Fadli menegaskan bahwa HKTI mendorong penguatan diplomasi perdagangan internasional sebagai strategi utama. Menurutnya, prinsip trade for development harus dijadikan landasan agar kebijakan ekspor dan impor tetap berpihak pada kesejahteraan petani.
Tak hanya itu, HKTI juga menaruh perhatian besar pada percepatan program makan bergizi gratis dan penyaluran bantuan sosial. DPN HKTI menilai kedua program tersebut tak hanya berdampak langsung pada peningkatan daya beli masyarakat, namun juga mampu memacu produktivitas pertanian nasional.
Guna mendukung ketahanan pangan berkelanjutan, HKTI mendorong implementasi sistem intercropping di lahan perkebunan serta praktik regenerative agriculture di lahan-lahan kritis. Pendekatan ini dinilai mampu menjaga kualitas tanah sekaligus meningkatkan hasil panen secara jangka panjang.
Dalam policy brief yang disampaikan ke pemerintah, delegasi DPN HKTI yang terdiri dari Dr. Delima Azahari, Ir. Iriana Muadz, Drs. Manimbang Kahariady, Ir. Mulyono Machmur, MS., dan Dra. Anita Ariyani juga mengusulkan stimulus fiskal dan nonfiskal sebagai langkah konkret untuk memperkuat sektor riil.
HKTI juga mendorong pengembangan hilirisasi berbasis koperasi petani, dengan memberikan akses permodalan untuk membangun pabrik-pabrik kecil seperti PKS mini, pabrik minyak goreng, dan biodiesel. “Hilirisasi CPO, karet, dan kopi harus dikelola oleh koperasi petani agar nilai tambah tidak hanya dinikmati industri besar,” ujar perwakilan HKTI.
Tak kalah penting, HKTI meminta agar dana dari Badan Pengelola Dana Perkebunan (BPDP), termasuk dana dari bea keluar dan pajak ekspor, benar-benar dialokasikan untuk peningkatan produktivitas petani.
Terkait kebijakan tarif Presiden Donald Trump yang menyasar sejumlah komoditas unggulan Indonesia, seperti CPO, karet, dan kopi, HKTI menyarankan agar Indonesia memberlakukan tarif resiprokal terhadap produk-produk impor dari Amerika Serikat, seperti kedelai, gandum, dan jagung.
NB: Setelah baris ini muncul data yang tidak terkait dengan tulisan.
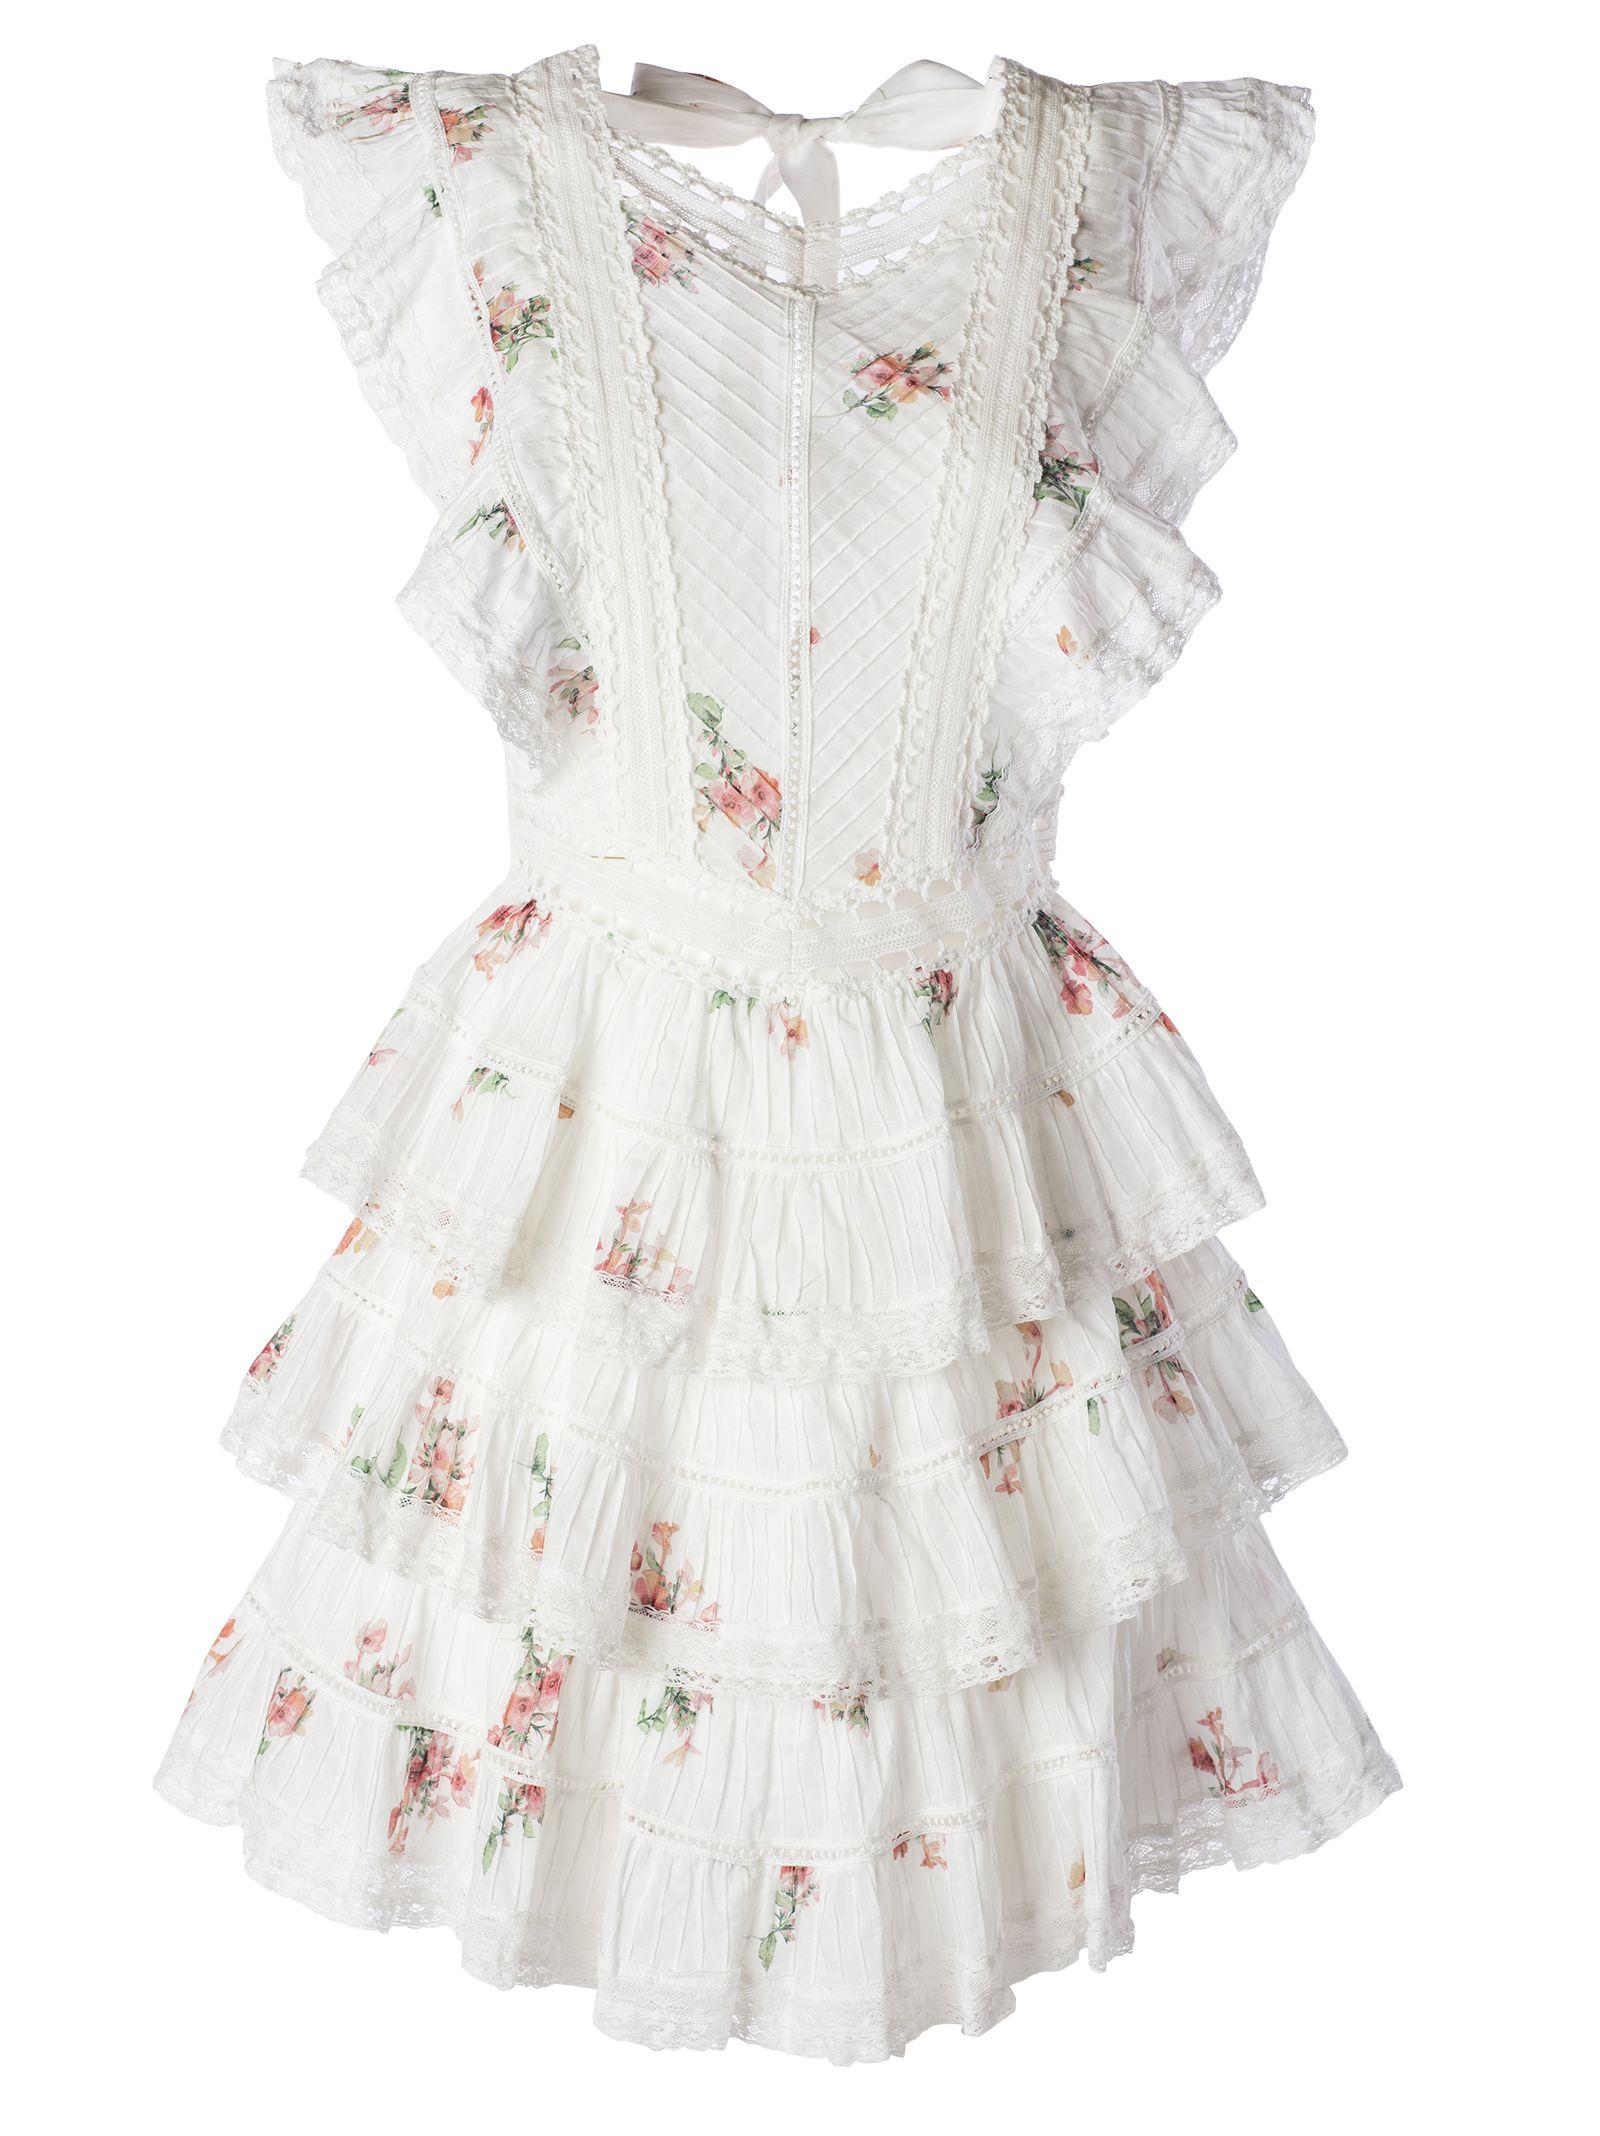 d304e9dd88 Zimmermann Zimmermann Heather Pintuck Dress - White - 10840792 | italist
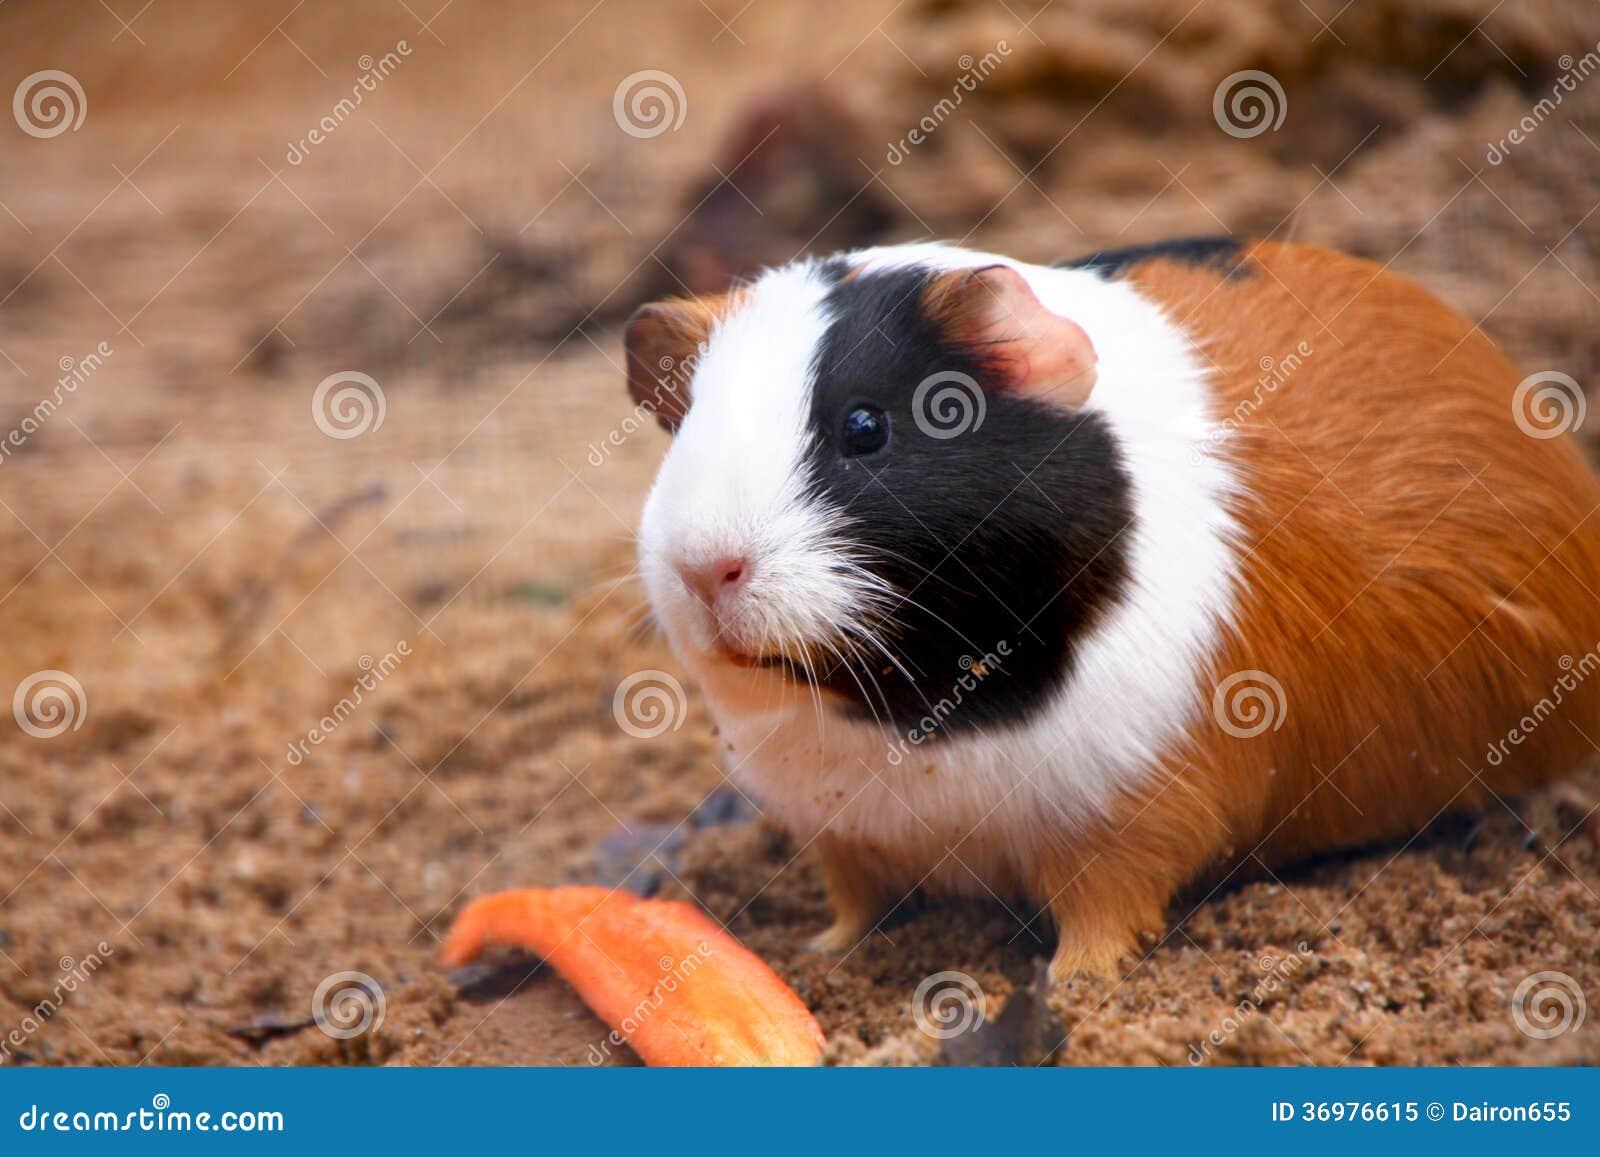 Хомяки и морские свинки

Alternatif lainnya adalah dengan membuka keran impor hanya jika AS bersedia menghapus tarif ekspor terhadap produk Indonesia.
“Indonesia harus memanfaatkan peluang agar petani menjadi basis produksi ekspor. Tapi jangan hanya menjadi pelampiasan pasar,” tegas Fadli Zon.
Pasar ASEAN dan kawasan Pasifik dinilai HKTI sebagai pasar strategis yang harus dikembangkan guna mengurangi ketergantungan terhadap pasar AS. Diplomasi perdagangan yang adil dan berorientasi pembangunan menjadi kunci.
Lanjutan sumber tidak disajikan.